I stand by the example I provided in the other thread. I think many voters on the left, with imperfect knowledge but behaving reasonably and realistically, would have been much more likely to lower their vote for Gore in 2000 due to Nader entering the race under both Score and STAR. Under Score, that would have significantly hurt Gore, under STAR, it wouldn't have. To the extent that Warren Smith's short article discusses money's influence (which I personally think is a stretch to say that better voting methods address that), I stand by that Score would be worse than STAR, since under Score a candidate like Nader would be more discouraged from running for reasons I noted.
My priorities are a good bit different than yours. Polarization is the main issue that I think is problematic under our current system, and I am genuinely scared that we are on a path toward another civil war in the US due to polarization caused by both the voting system and by social media so quickly emerging as a way people get their information about the world.

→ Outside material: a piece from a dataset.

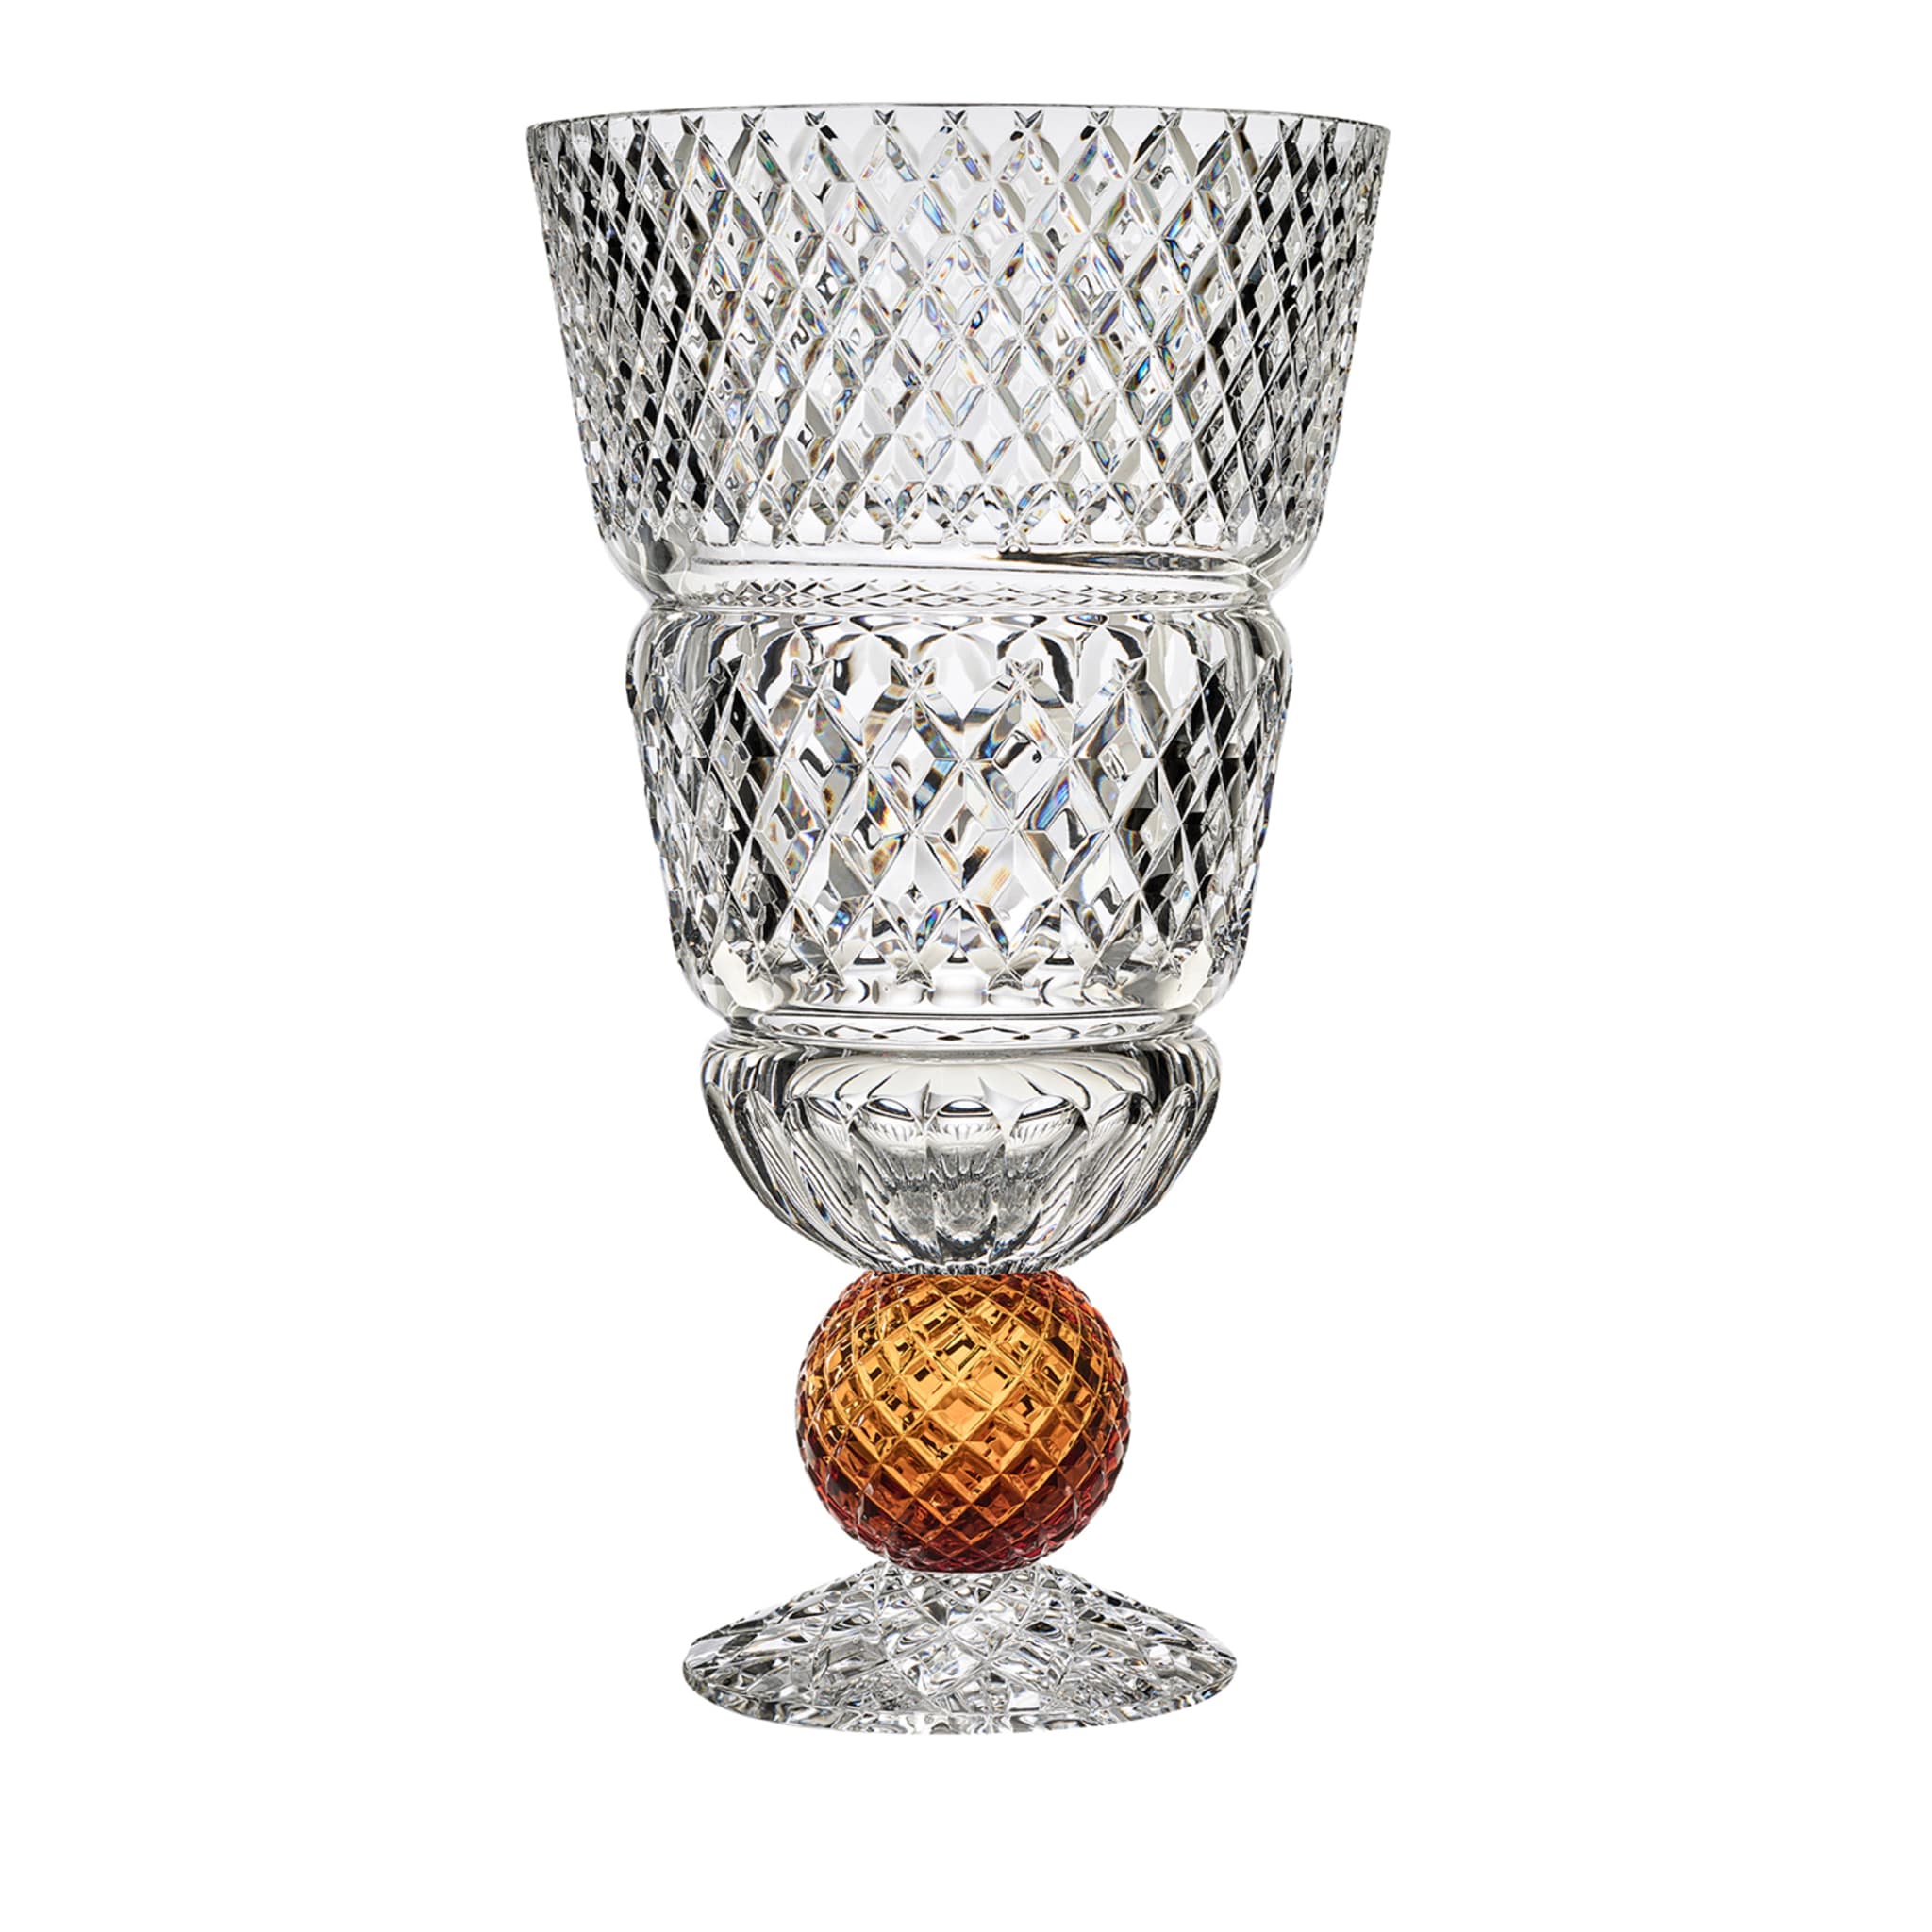 Grand vase conique Katherine avec sphère d'ambre - Vue principale

@Jack-Waugh said in Evaluating Single-winner Systems From 2021-10-18 Until the Next Major Discovery:
Marketability is important, but I think we have to predict performance first
Ok. As I said in another thread, systems that require or strongly incentivize strategy are very hard to predict due to the "hall of mirrors" effect, with each voter trying to guess what other voters are going to do. STAR and especially Condorcet methods address this. I don't think you can easily "predict performance" with Score. The system seems to be designed for you to vote in a way that is counter to good strategy, leaving it as an exercise in psychology to predict -- far more so than on better systems.
And STAR has more momentum than Score, the latter of which has been around for a long time and to my eyes, is dead in the water.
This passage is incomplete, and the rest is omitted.